Mais voici la dureté de cette histoire, qui aurait été trahie par un traitement manichéen, compensée par le regard objectif du personnage de journaliste idéaliste adhérent au Bloc Populaire bien joué par Benoît Gouin, par l’humanité d’un scénario qui joue les flashbacks avec une subtile fluidité et par une poignante histoire d’amour qu’on reçoit comme l’assoiffé dans le désert la gorgée d’eau qui le sauve.

Car elle offre, en ses instants de grâce (lumineuse et juste Viviane Audet), son contrepoids de résistance (make love, not war!) à la guerre et aux manigances des riches; ce n’est pourtant qu’un pauvre adultère consenti à cause de liens antérieurs plus forts et plus vrais que le petit confort bourgeois hypocrite de l’autre union de façade imposée par des pressions paternelles et cléricales et cet adultère se cramponne à un amour qui se passe de mots.
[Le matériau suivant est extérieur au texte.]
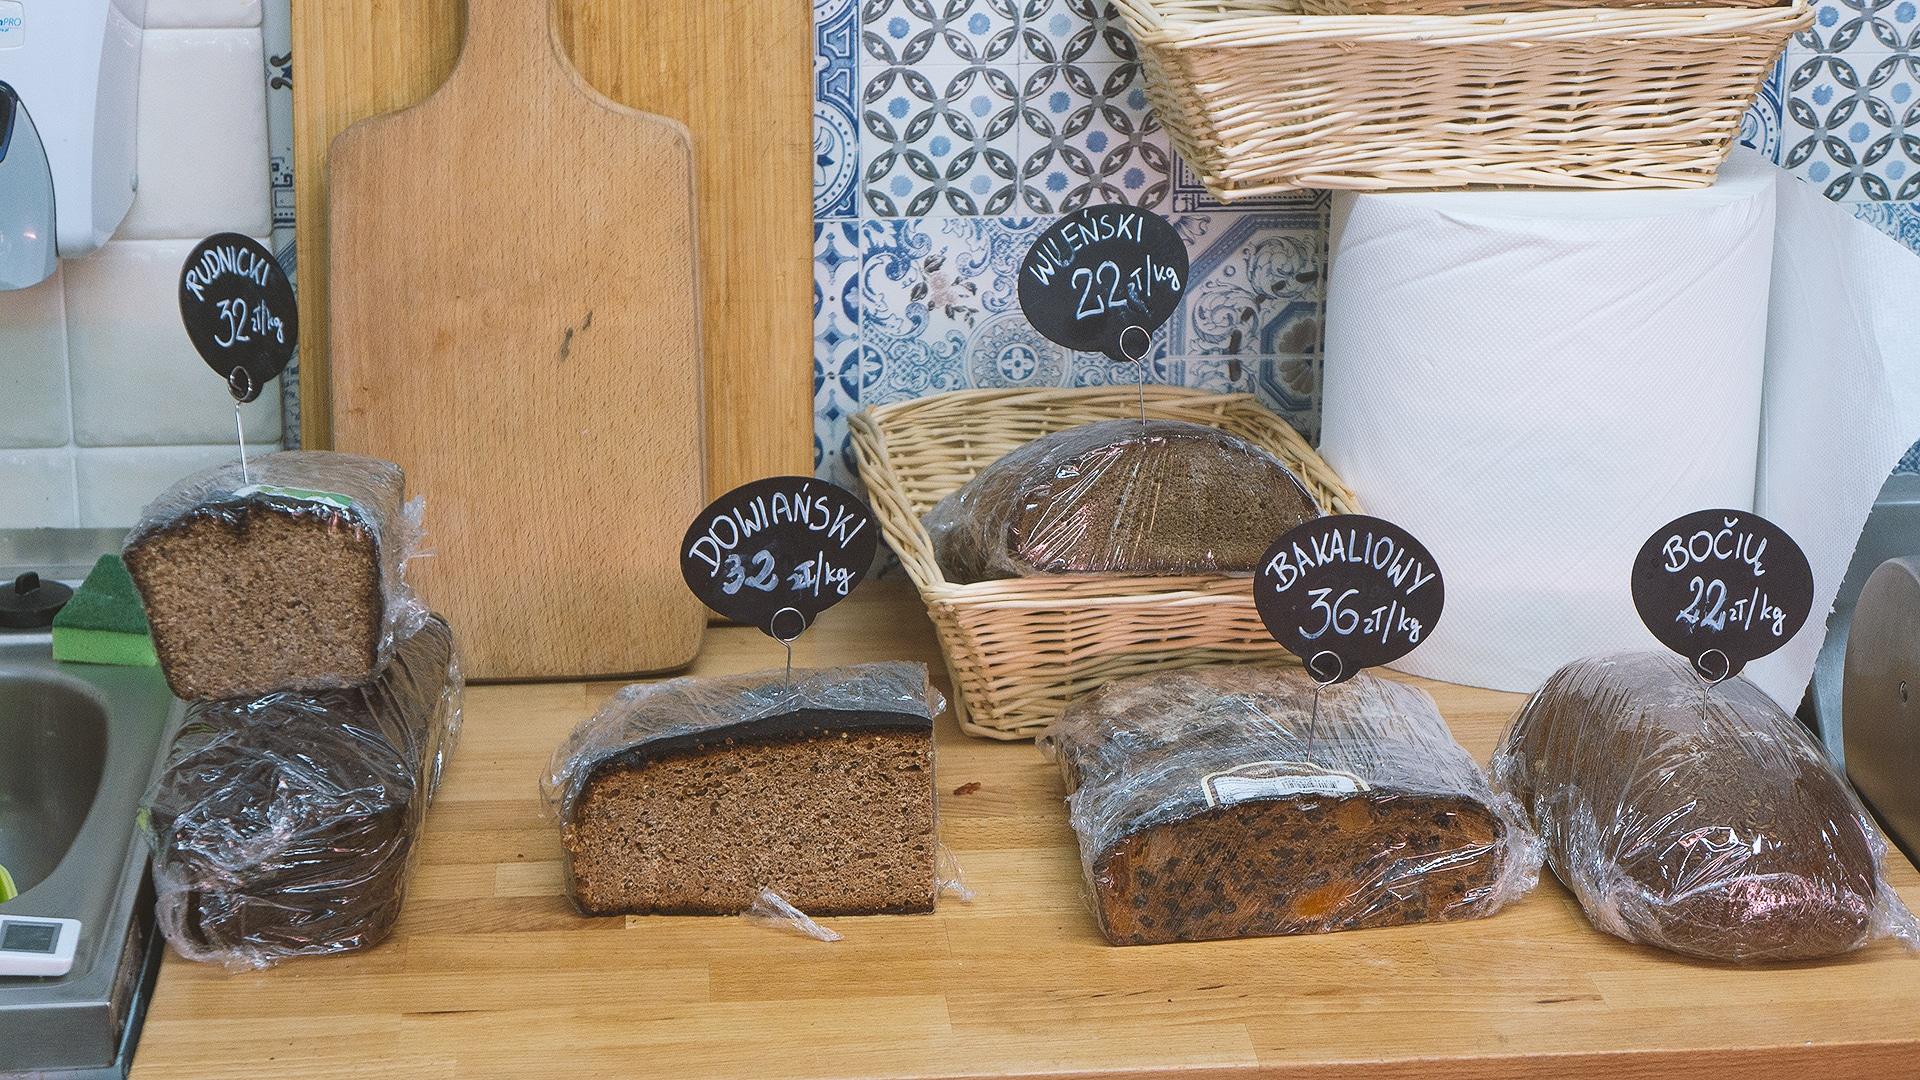 Na półkach znajdziemy też prawdziwy chleb litewski.

On assiste à une communion des corps filmée avec poésie et tendresse, sans aucune impudeur, grâce à la magie de deux acteurs.
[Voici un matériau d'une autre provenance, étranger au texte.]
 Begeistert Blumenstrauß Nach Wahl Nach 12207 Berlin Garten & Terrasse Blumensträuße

Nous émeut aussi l’ultime fidélité de « la veuve » présente dans le petit cimetière auprès d’une pierre tombale payée à grand peine par la solidarité des amis refusant l’oubli en sus de l’injustice. On lit à travers les circonvolutions malaisées de mes commentaires combien s’interpénètrent l’histoire et la fiction.

Mission accomplie par le cinéaste Simon Lavoie, qui a su distiller la lenteur hypnotique des jours filmés par la caméra de Michel Laveaux, digne des films de Bernard Émond, et utiliser à bon escient la musique de Normand Corbeil, heurtée par les chansons terriblement maladroites du soldat Lebrun : ces chansons réelles, avec la pauvre voix nasillarde et vacillante de leur interprète, avec leurs fausses harmonies grinçantes, loin du patriotisme de pacotille véhiculé par leurs paroles, témoignent de l’étendue de la dépossession culturelle et humaine des années de guerre.

En tant que pacifiste à même d’apprécier la justesse historique de ce film, on se surprendra de me voir en féliciter les auteurs de n’avoir jamais cherché à imposer la morale pacifiste, parce que le plaidoyer humain de vérité qui nous est présenté se passe de toute justification : les faits parlent plus fort que tout, au public d’ouvrir son âme à une œuvre véritable et il le fait avec ferveur jusqu’à présent!